Of course, not all the factors which contribute to lower living standards for women are directly attributable to the cuts. Much of them relate to the unavoidable fact that London, like all cities, is a capital of superlatives. So while London can boast of possessing the biggest, the highest-earning and the most qualified, it is also home to the most unequal workforce in the UK. There are some obvious factors that contribute to this unwelcome statistic; the public sector, which has a strong record in employing women, has a smaller share of the workforce. A number of high paid jobs frequently dominated by men create a grotesque caricature of the existing gender gap in average salaries.

London is also the city where the motherhood penalty bites the hardest. London mothers with dependent children have an employment rate of 53%, compared to 65% for those across the UK. Reducing this gap requires understanding the motivating factors for women to return to work, and the barriers that may prevent them from doing so, as highlighted in a recent report by the Timewise Foundation, which followed the outcomes of women seeking a return to work after motherhood.

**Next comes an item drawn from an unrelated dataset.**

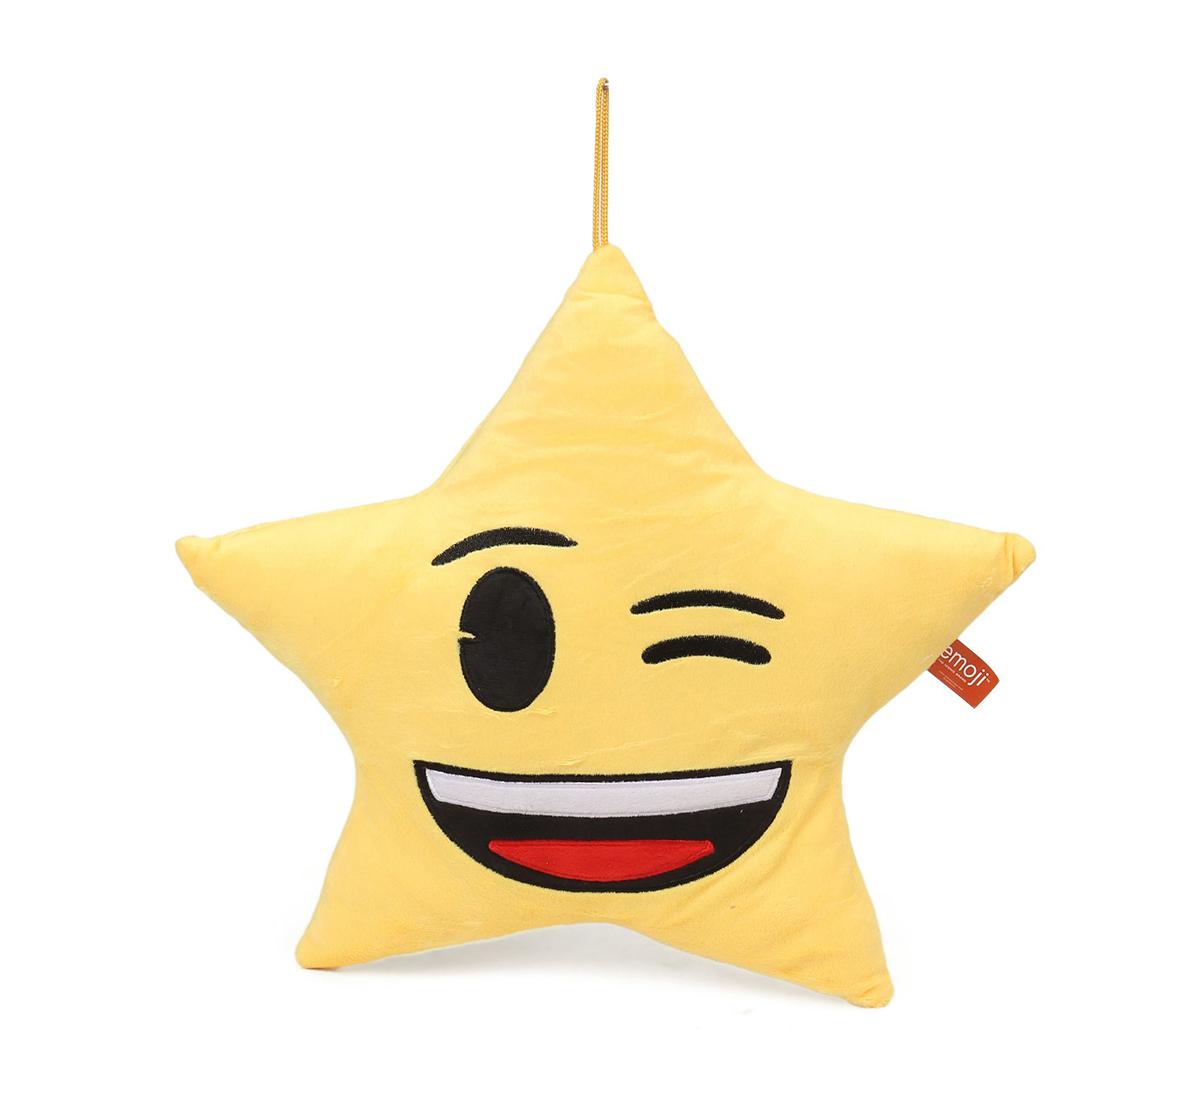 Emoji |  My Baby Excel Emoji Star Winking Eyes Face 30 Cm Plush Accessory for Kids age 1Y+  (Yellow)

The conclusion - the costs of going back to work simply do not outweigh the benefits of staying at home. Outgoing costs such as childcare, which is 24% higher than the national average, are hard to for mothers and families to justify in the face of low-paid part-time work and the lack of well-paid part-time work in administrative and professional roles.

The London premium that can be identified among other sectors of the workforce is therefore significantly lower for working mothers. Over 40% of part-time jobs are low paid, compared to just 10% of full-time jobs. As a result, a third of all low-paid jobs in London are held by women working part time. My own mother juggled two part-time jobs as this was simply the only way to fit in shifts around childcare.

I am reluctant to accept that the only solution to this form of inequality in London’s workforce is the 'critical mass' solution – that is the hope that as workplaces increasingly near a gender balance of employees, employment practice will become increasingly woman friendly. Practical interventions that stimulate structural and cultural change are required. Whether through ensuring access to Lone Parent Personal Advisors or supporting on the ground schemes, it is important that mothers are a target group of support and training.

I have seen this work in my own constituency. Twice a week, Monique Knight, herself a mother of five can be found handing out flyers at the gates of a primary school in North Tottenham, chatting with mums as they drop off their young children. Once the bell rings, it is not just the pupils who head into the classroom, but a number of their mums too, receiving training in CV writing, online applications and presentation skills. 

We must encourage businesses to increase the availability and range of part-time positions, and to ensure those taking them receive the support they need. A flexible work environment can have a doubly positive effect on women in broadening not just their own childcare options but also those of their partner through use of paternal leave and similar practices.

Simply achieving the modest target of bringing London’s maternal employment rate in line with the rest of the country would bring an additional 100,000 working mothers into London’s workforce. With the subsequent impact on the economy, household, and indeed working mothers themselves, this is certainly a goal worth striving for. 

London mothers with dependent children have an employment rate of 53%, compared to 65% for those across the UK. Photograph: Getty Images.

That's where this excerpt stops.